Mechanism of W(CO)6 sonolysis in diphenylmethane

Abstract

The present work analyses the mechanism of W(2)C/C nanocomposite formation during sonolysis of W(CO)(6) in diphenylmethane (DPhM) solutions. Carbon supported WC(x) nanoparticles attract much interest as an alternative fuel cell electrocatalysts. Sonolysis of neat DPhM under the effect of 20 kHz power ultrasound in argon at 80 °C yields a sonopolymer as a solid product and acetylene, hydrogen, methane, diacetylene and benzene as gaseous products. Diacetylene is formed due to the secondary sonochemical dimerisation of acetylene obtained at the primary stage of DPhM sonolysis. FTIR and μ-Raman studies show that the sonopolymer consists of a mixture of some polymeric partially oxidized aromatic species, and disordered carbon. Sonolysis of W(CO)(6) in diphenylmethane solutions follows the first order kinetics.
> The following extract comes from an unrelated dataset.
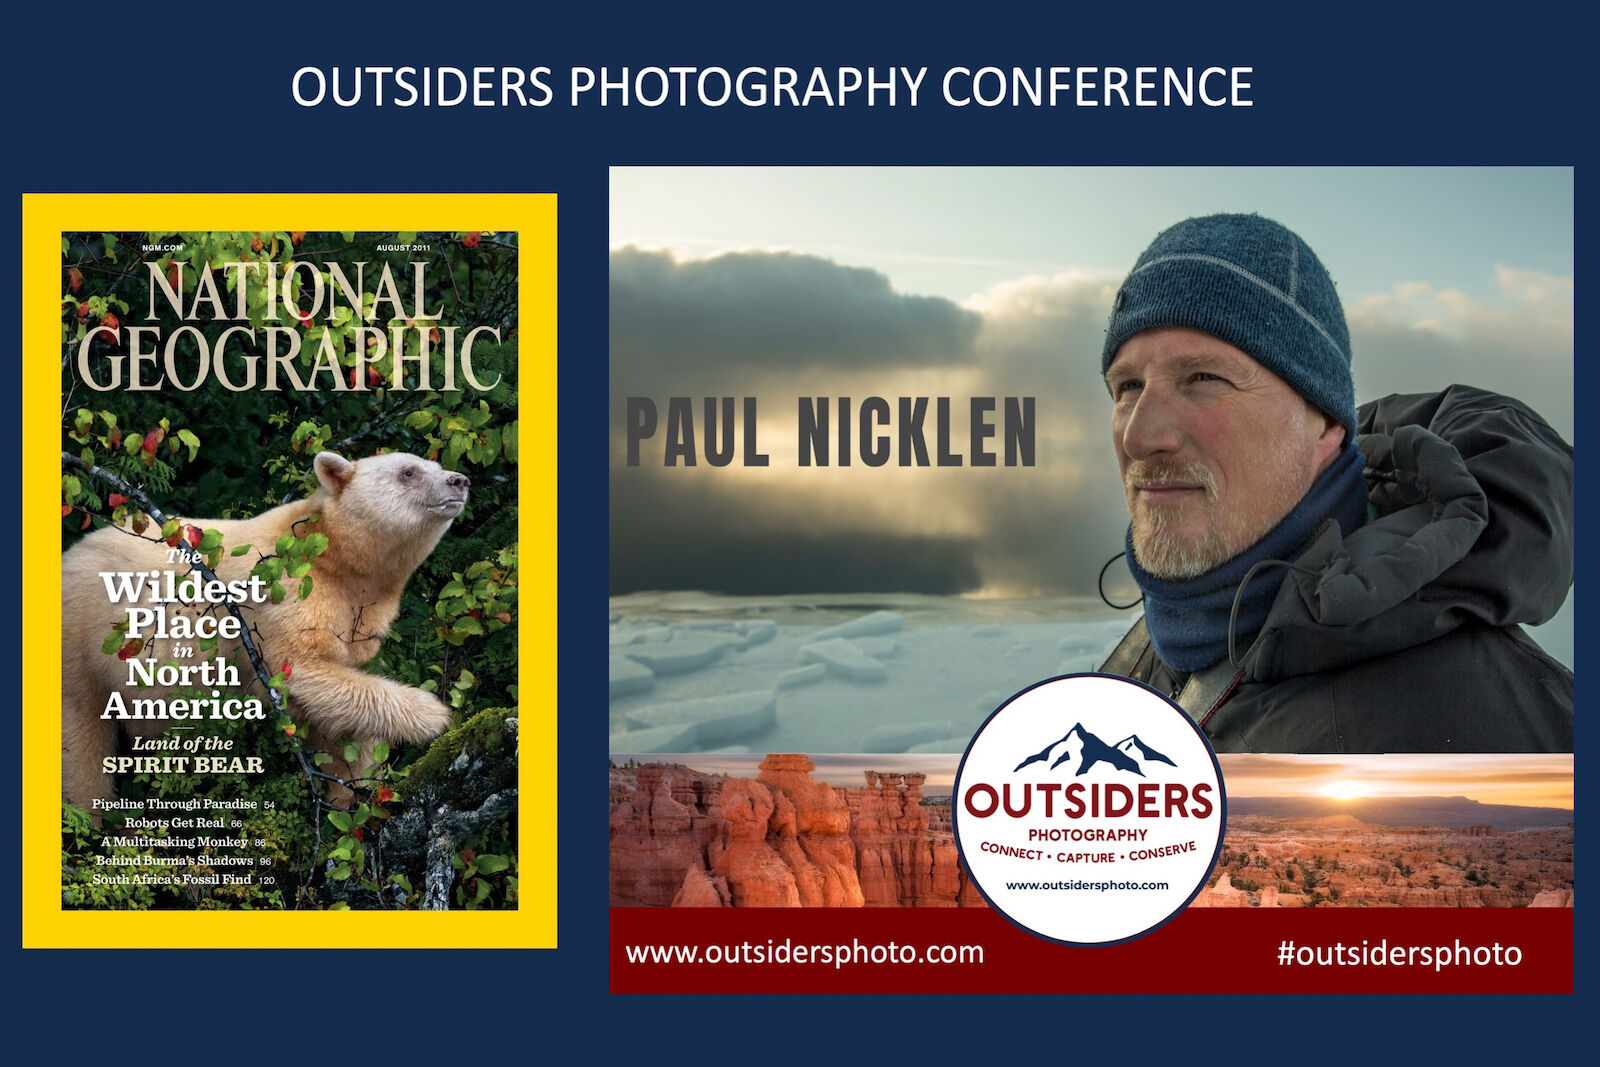 Paul Nicklen Outsiders Photography Conference

This process yields monodispersed 2-3 nm X-ray amorphous WC(x) nanoparticles embedded in amorphous sonopolymer. The annealing of air sensitive as-prepared solids in an inert atmosphere at 600 °C causes formation of stable W(2)C/C nanocomposite with W(2)C average particle size in the range of 4-7 nm and hexagonal carbon fine particles with the average size of 30-40 nm. Kinetic study revealed that tungsten carbide is formed inside the cavitation bubble due to the reaction of tungsten nanoparticles originated from primary sonolysis of W(CO)(6) with acetylene produced as a result of diphenylmethane sonochemical degradation.